Prompt –
Here the job is to retype the data word for word while leaving the pictures aside.
[Data extract — start]
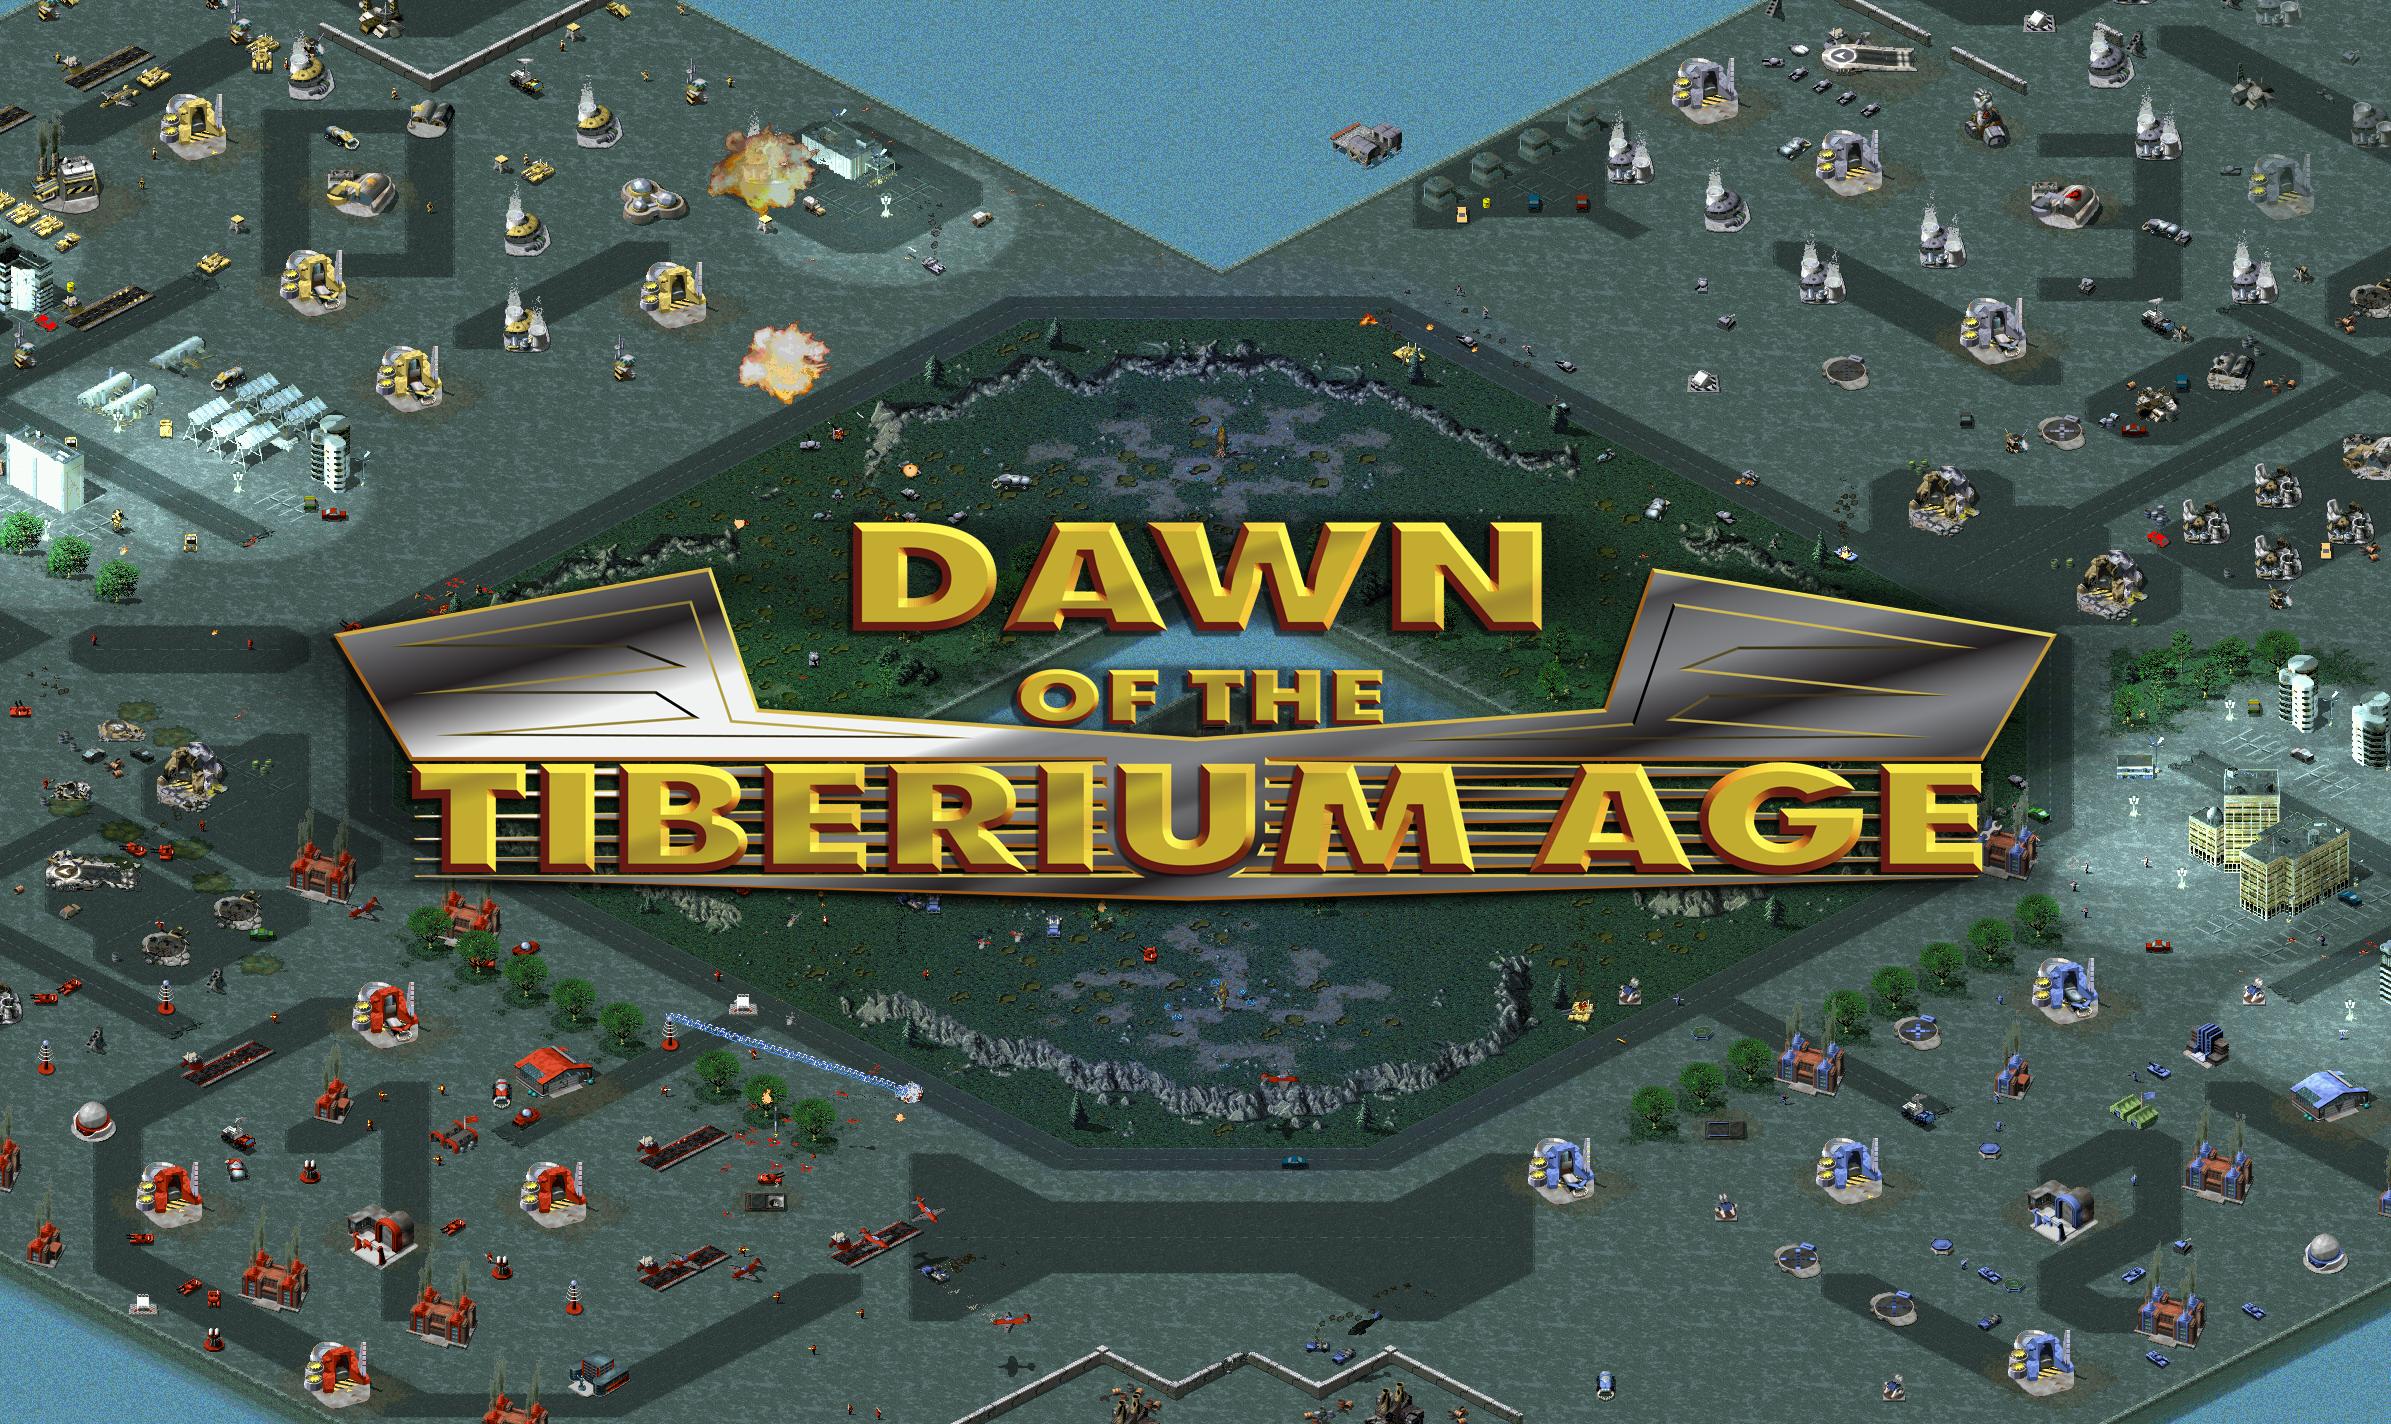 Screenshot with logo
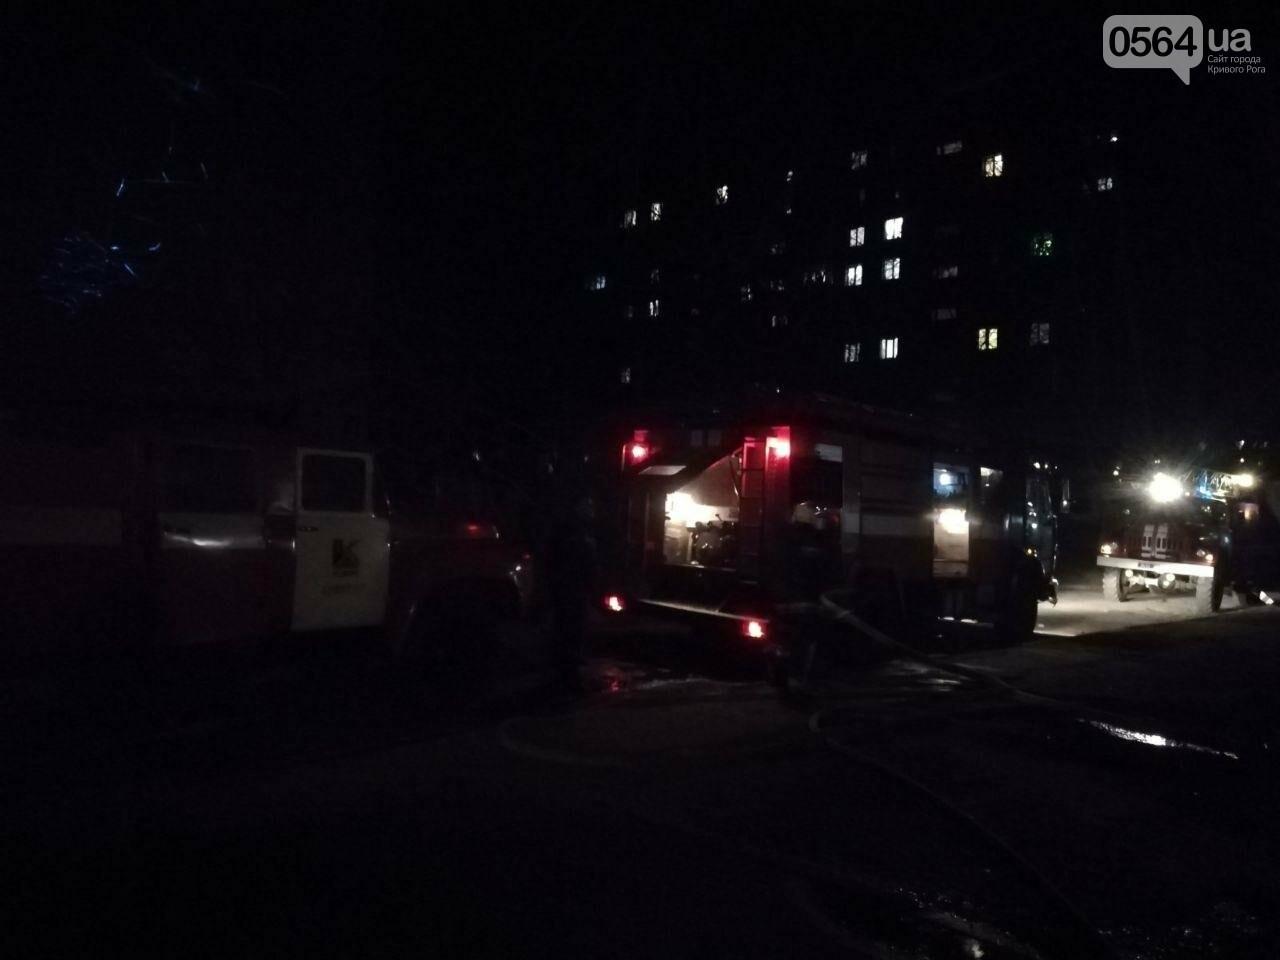 В Кривом Роге загорелась квартира на 6 этаже. Найдено тело мужчины, - ФОТО 18+, ВИДЕО, ОБНОВЛЕНО, фото-5
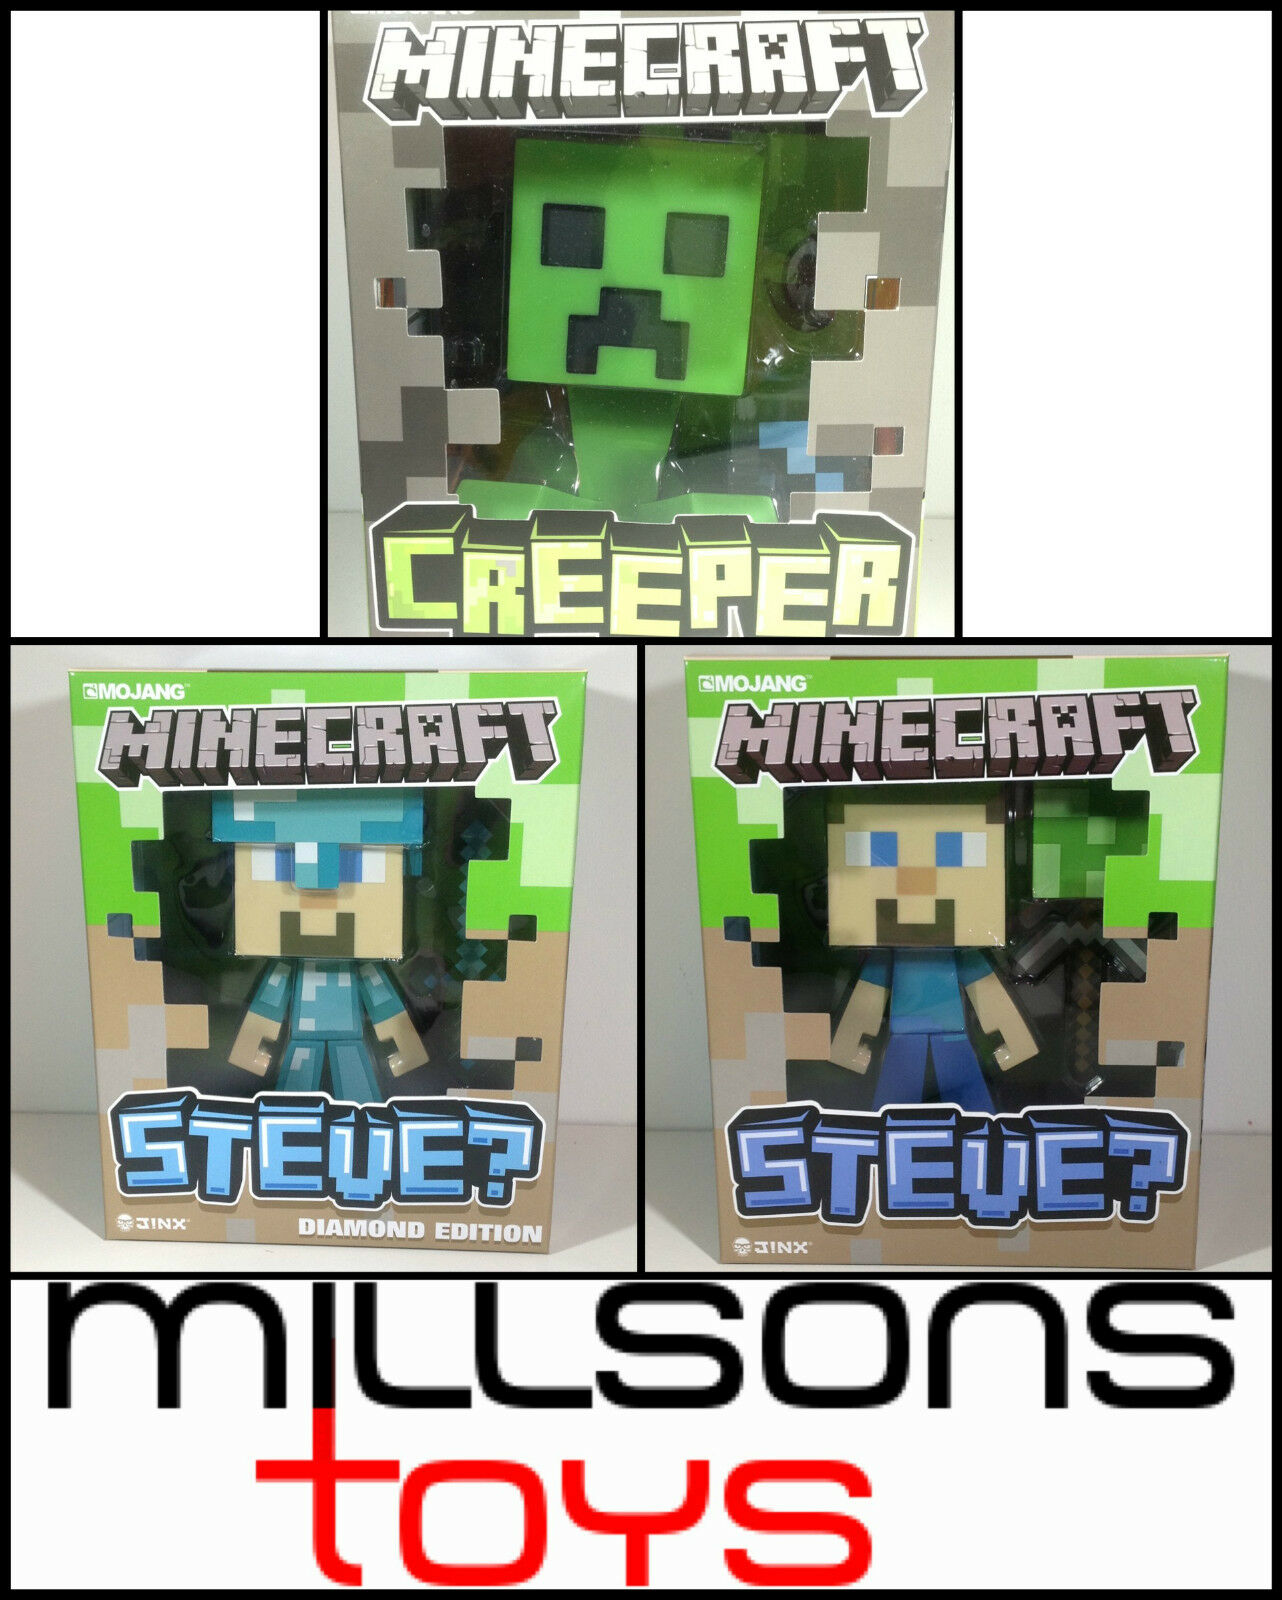 Minecraft regualr & diamant - niete - 15.2cm figuren - spanisch u.a. neu
[Data extract — finish]
Answer area –
 Screenshot with logo
 В Кривом Роге загорелась квартира на 6 этаже. Найдено тело мужчины, - ФОТО 18+, ВИДЕО, ОБНОВЛЕНО, фото-5
 Minecraft regualr & diamant - niete - 15.2cm figuren - spanisch u.a. neu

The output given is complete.